In this study, we used EQUC to compare microbial abundance and diversity of paired peri-urethral specimens to microbial abundance and diversity of voided urines obtained by standard clean catch urine collection method or the Peezy midstream device. We hypothesized that voided urines obtained using Peezy have less contribution from the urethra, peri-urethra, vulva and vagina than voided samples obtained by typical clean catch techniques.
METHODS:
This is a cross-sectional pilot cohort study of participants from two randomized trials with Loyola IRB-approval. The first trial randomized 40 women into one of two arms of a voided urine collection study (standard clean catch technique using a castile soap wipe versus a “modified clean catch” approach that did not involve a castile soap wipe).
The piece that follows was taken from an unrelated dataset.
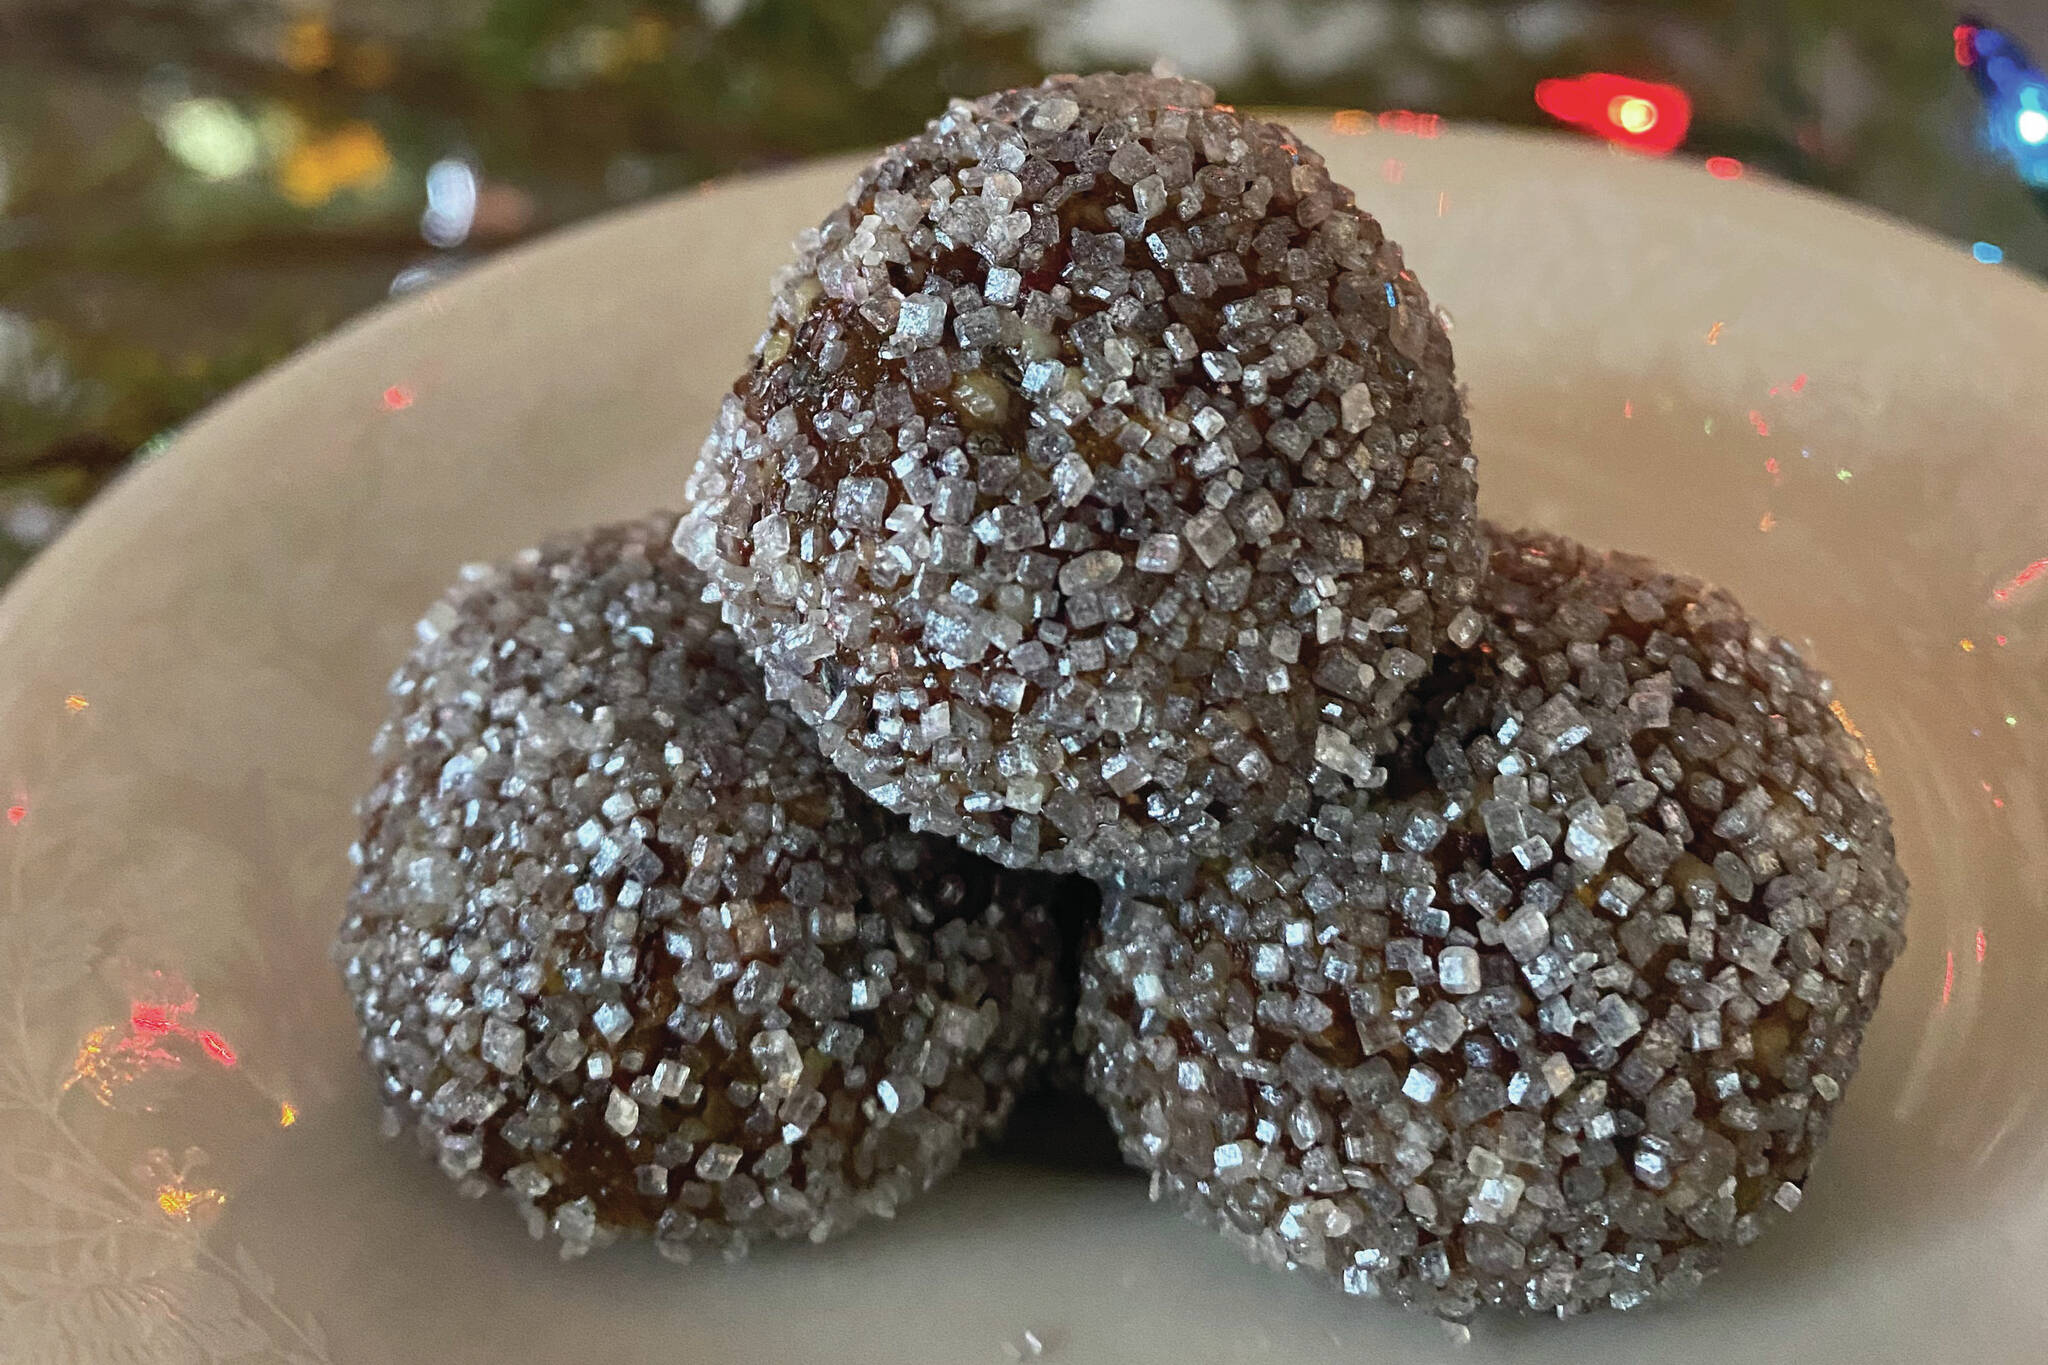 Sugarplums are made of toasted nuts and dried fruit with spices and honey, rolled in sparkling sugar. (Photo by Tressa Dale/Peninsula Clarion)

Only the 20 women enrolled into the standard clean catch method using a castile soap wipe were included in this analysis because our “modified technique” demonstrated no superiority over the standard clean catch technique. The second trial randomized 42 women to use the Peezy device with a castile soap wipe versus using the Peezy device without the castile soap wipe.
Recruitment:
Adult women 18 or older who were employees or students of the Loyola University Hospital System and/or Loyola University Health Sciences Campus were invited to participate in this IRB approved trial. Women were included if they could speak fluent English, were ambulatory, could view video-based instruction for the collection method, and answered yes to the query “do you feel your bladder is full enough to void.” Women were excluded if they had a history of recurrent UTI (3 or more UTI in the last year or 2 in the last six months), pelvic organ prolapse, urinary urgency incontinence or urinary stress incontinence. Other exclusion criteria included current use of antibiotics, post-menopausal status, pregnancy, current menstruation or the use of intermittent self-catheterization. Following a signed informed consent, participants completed three forms: Demographic information, the Pelvic Floor Distress Inventory-20 [19], and the UTISA questionnaire [20] in which the participant rates the severity and bother for seven common UTI symptoms. All participants were enrolled and samples were collected at the Loyola University Outpatient Urogynecology clinic and the Clinical Research Office, and all bacterial detection was performed at the Center for Translational Research and Education. Participants received a $5 gift card.
Sample Collection:
After watching a video detailing proper sample collection, each participant provided a peri-urethral swab and voided urine specimen. For women in the standard clean catch cohort, participants washed their hands with soap and water before collecting a peri-urethral sample with the provided swab. Participants then used a castile soap wipe to cleanse the peri-urethral area by wiping from front to back before partially voiding into the toilet, then collecting midstream urine in a sterile cup. For women in the two Peezy cohorts, participants washed their hands with soap and water before collecting a peri-urethral sample with the provided swab. Half of the participants, randomized to the Peezy with wipe, then used the castile soap wipe to cleanse the peri-urethral area by wiping from front to back before voiding into the device (PZW). The other half voided into the device without using a castile soap wipe (PZ). The Peezy device was held below the perineum and the participants urinated into the device, which allows the initial stream (approximately ten milliliters of urine) to pass through into the toilet (Figure 1). This initial stream causes the expansion of a cellulose sponge that, when engaged, forces the midstream urine into a sterile urine collection tube through a one-way valve. Once finished voiding, participants held the Peezy device over the toilet to allow excess urine to flow through the device. Participants then unscrewed the sterile collection tube from the device and placed the provided cap onto the tube.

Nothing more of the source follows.